How to make Drone Docker Plugin use self-signed certs?

I'm facing the same problem as here - I have set up a private Docker Registry with TLS certification (certificates generated via Certbot), and I can interact with it directly via curl etc. (thus proving that the certificate is correct), but the Docker Plugin in my Drone flow gives an error x509: certificate signed by unknown authority.

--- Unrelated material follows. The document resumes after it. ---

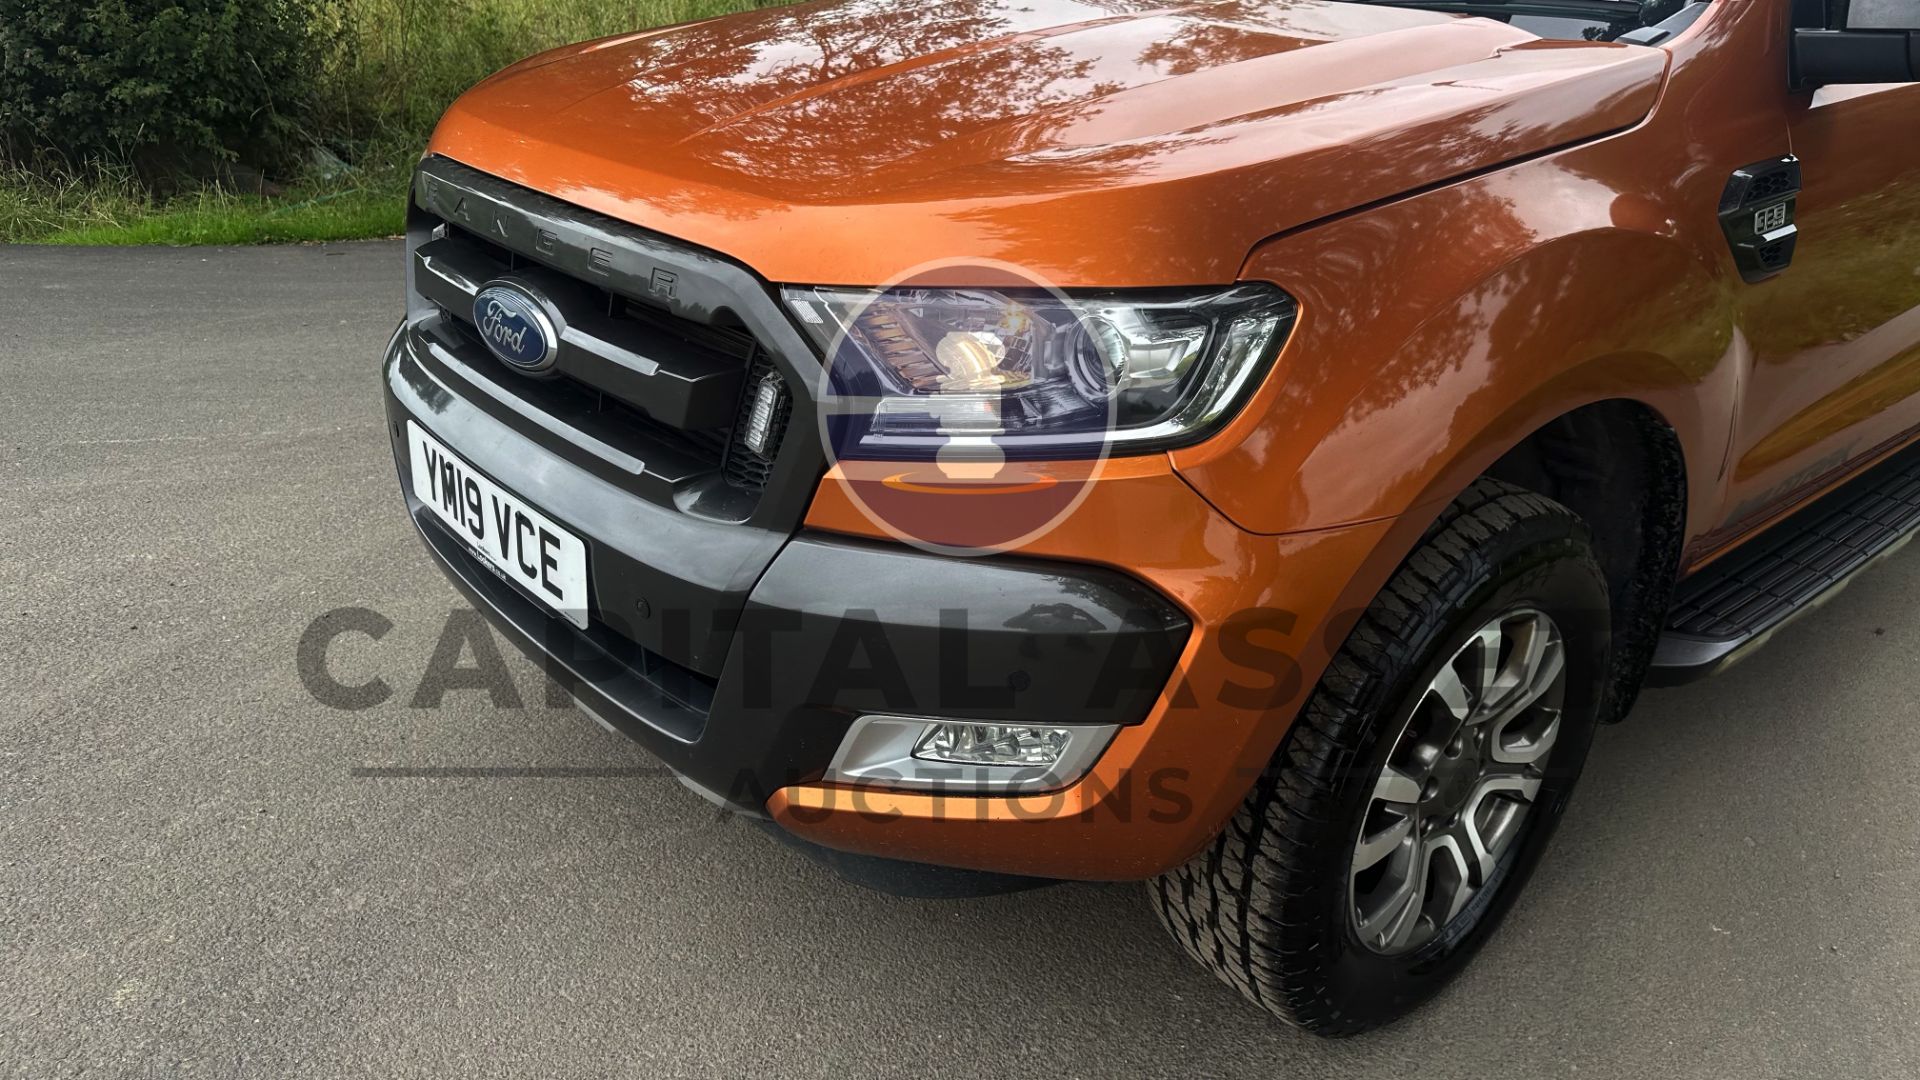 (ON SALE) FORD RANGER *WILDTRAK EDITION* DOUBLE CAB PICK-UP (2019 - EURO 6) 3.2 TDCI - AUTOMATIC - Image 17 of 53

As per this StackOverflow answer, I believe that putting the certificate at /etc/docker/certs.d/<my_registry_address:port>/ca.crt should fix this problem, but it doesn't appear to (neither does adding the certificate into the standard /etc/ssl/certs/ca-certificates.crt location)

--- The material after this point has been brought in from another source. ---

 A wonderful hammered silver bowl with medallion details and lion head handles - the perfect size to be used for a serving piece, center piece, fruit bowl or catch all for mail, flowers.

Demonstration that the certificates work as-expected, having already built the Docker Drone Plugin locally as per https://github.com/drone-plugins/drone-docker:
$ docker run --rm -v <path_to_directory_containing_pems>:/custom-certs -it --entrypoint /bin/sh plugins/docker
/ # ls /custom-certs
accounts archive csr keys live renewal renewal-hooks
/ # apk add curl
...
OK: 28 MiB in 56 packages
/ # curl https://docker-registry.scubbo.org:8843/v2/_catalog
curl: (60) SSL certificate problem: unable to get local issuer certificate
More details here: https://curl.se/docs/sslcerts.html
curl failed to verify the legitimacy of the server and therefore could not
establish a secure connection to it. To learn more about this situation and
how to fix it, please visit the web page mentioned above.

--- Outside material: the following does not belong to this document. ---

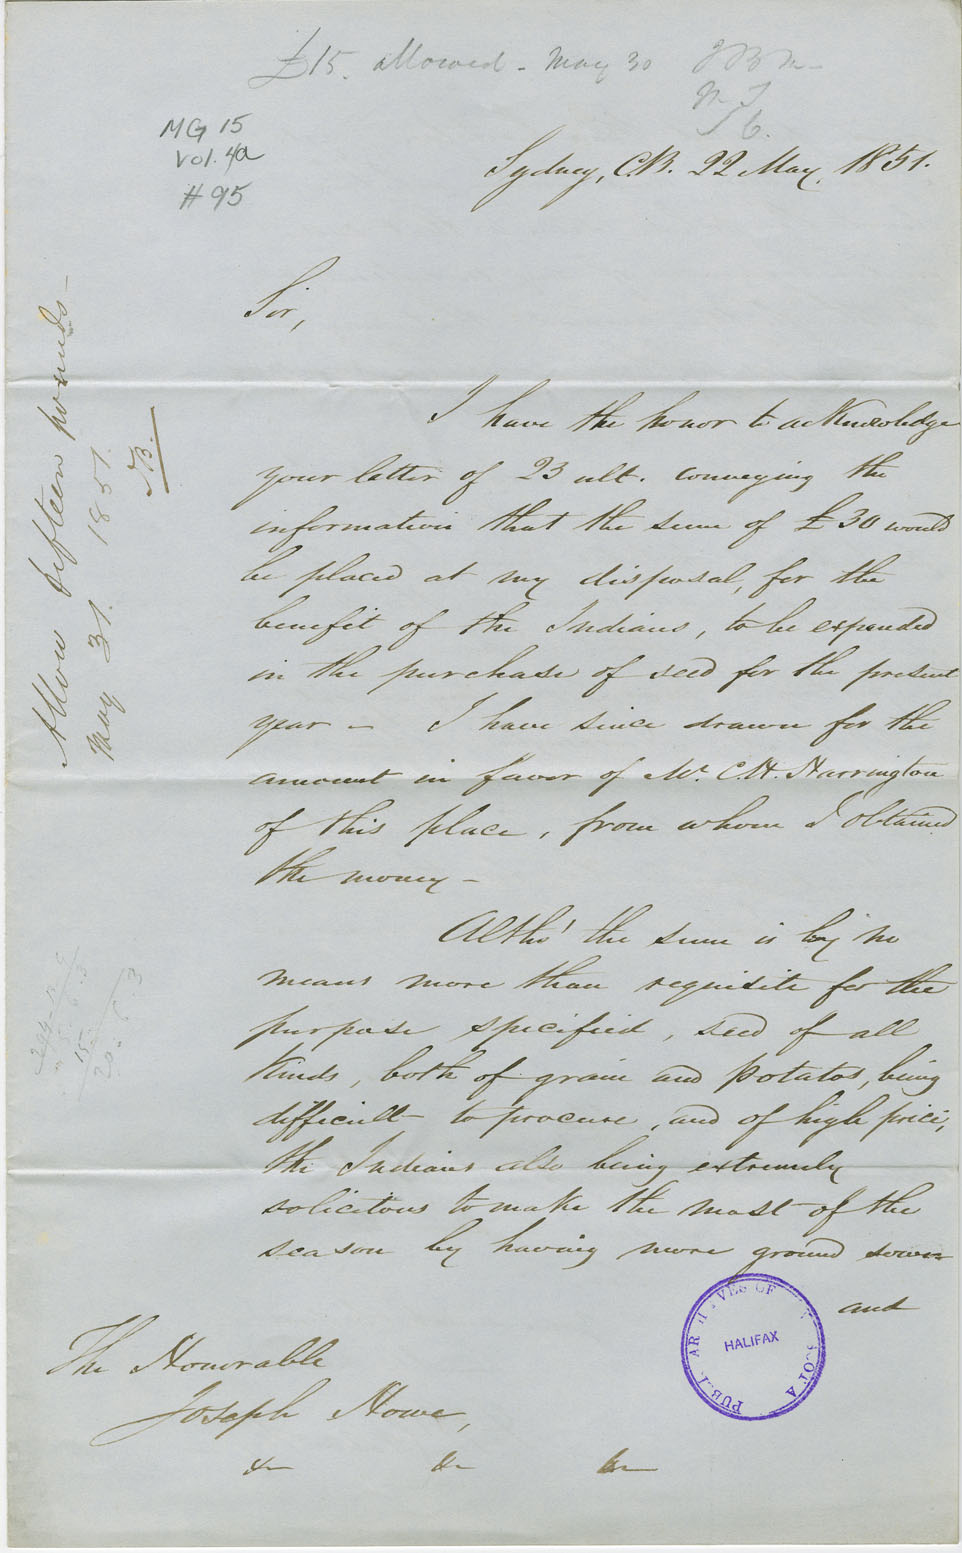 Letter asking instructions concerning dispersal of funds among Mi'kmaq in Cape Breton.

/ # curl https://docker-registry.scubbo.org:8843/v2/_catalog --cacert /custom-certs/live/docker-registry.scubbo.org/fullchain.pem
{"repositories":[...]}
/ # cat /custom-certs/live/docker-registry.scubbo.org/fullchain.pem >> /etc/ssl/certs/ca-certificates.crt
/ # curl https://docker-registry.scubbo.org:8843/v2/_catalog
{"repositories":[...]}
Here's my .drone.yml, for a Runner instantiated with --env=DRONE_RUNNER_VOLUMES=/var/run/docker.sock:/var/run/docker.sock,<path_to_directory_containing_pems>:/custom-certs:
kind: pipeline
name: hello-world
type: docker
platform:
os: linux
arch: arm64
steps:
- name: copy-cert-into-place
image: busybox
volumes:
- name: docker-cert-persistence
path: /etc/docker/certs.d/
commands:
# https://stackoverflow.com/a/56410355/1040915
# Note that we need to mount the whole `custom-certs` directory into the workflow and then copy the file to `/etc/...`,
# rather than mounting the file directly into `/etc/...`, because the original file is a symlink and it's not possible (AFAIK)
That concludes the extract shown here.